Over 100 miRNAs have been discovered in viruses so far. However, few target genes of viral miRNAs have been identified so far. Consequently, the functions of the majority of viral miRNAs remain unclear.

Herpesviruses are enveloped, double-stranded DNA viruses. There are three subfamilies: alpha, beta and gamma herpesviruses, based on their structure and biology (77). Herpesviruses have two distinct phases in their life cycle: latency and lytic replication. Interestingly, the majority of viral miRNAs identified are from herpesviruses, suggesting that viral miRNAs may play important roles in the unique life cycle of this family of viruses. In this review, we discuss the miRNAs encoded by herpesviruses and their regulatory roles in virus-host interactions.

Identification and Expression of miRNAs Encoded by Herpesviruses

Alpha herpesviruses

Herpes simplex virus 1 (HSV-1) is a neurotropic virus, belonging to genus Simplexvirus, one of the members of alpha herpesvirus subfamily. HSV-1 is commonly associated with herpes outbreaks of the face known as cold sores or fever blisters; it can also cause more severe infections in newborns or immunocomprised persons. As a well-studied virus, a number of animal infection models are available, which facilitates the study of HSV-1 pathogenesis (91). To identify miRNAs encoded by HSV-1, Cui et al. searched the entire viral genome for potential stem-loops using a computational approach, and predicted the existence of 13 miRNA precursors and 24 miRNA candidates in this herpesvirus. However, only one of them, miR-H1, was detected and confirmed by Northern-blot hybridization (22). miR-H1 is located upstream of the latency-associated transcript (LAT) thought to be a non-coding RNA. In contrast to the latent transcript LAT, miR-H1 and its precursor were expressed as late gene products.

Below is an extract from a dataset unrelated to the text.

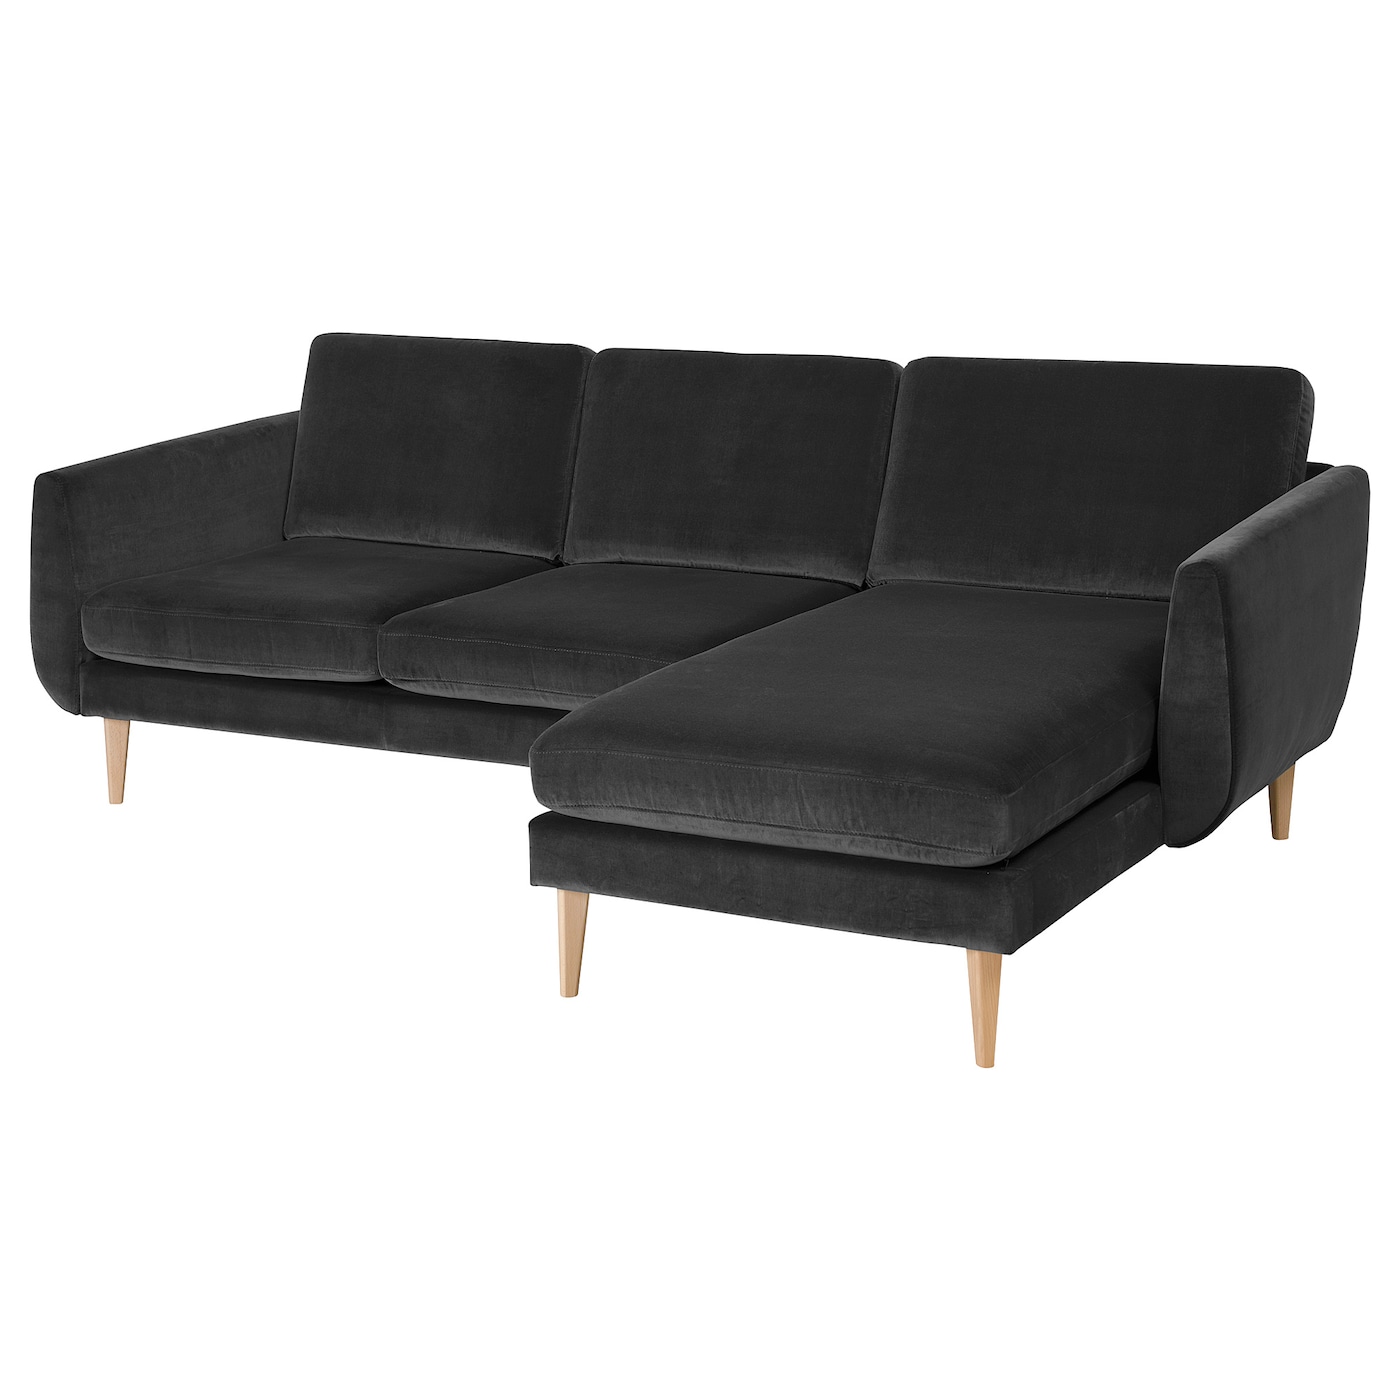 диван трансформер ладья майами серый с цветными подушками СМЕДСТОРП 3-местный диван + диван, Дюпарп/дуб темно-серый SMEDSTORP IKEA

LAT is an abundantly expressed RNA transcript in latently infected neurons (86), which had been shown to be nonessential for viral replication. However, LAT mutants had decreased frequencies of reactivation in an animal model (80). Recent data had demonstrated the important role of LAT in preventing cell death by blocking cell apoptosis (1, 7, 49, 72). Because the multifunction of LAT and absence of any detectable protein product translated from this transcript, Umbach et al. attempted to identify potential miRNA precursor hairpins from LAT by cloning and expression of the corresponding genomic sequence in 293T cells. A total of 4 pre-miRNAs, that give rise to 6 mature miRNAs, were identified using a cDNA library deep sequencing method (46). To determine whether HSV-1 can encode more miRNAs, cDNA deprived from trigeminal ganglia of mice latently infected by HSV-1 was deep sequenced, which led to the identification of miR-H6. It is notable that miR-H6 is located in the opposite strand of miR-H1, which are largely complementary to each other (89). In contrast, miR-LAT also encoded by LAT described in an early report was not confirmed by Umbach et al. (45, 89).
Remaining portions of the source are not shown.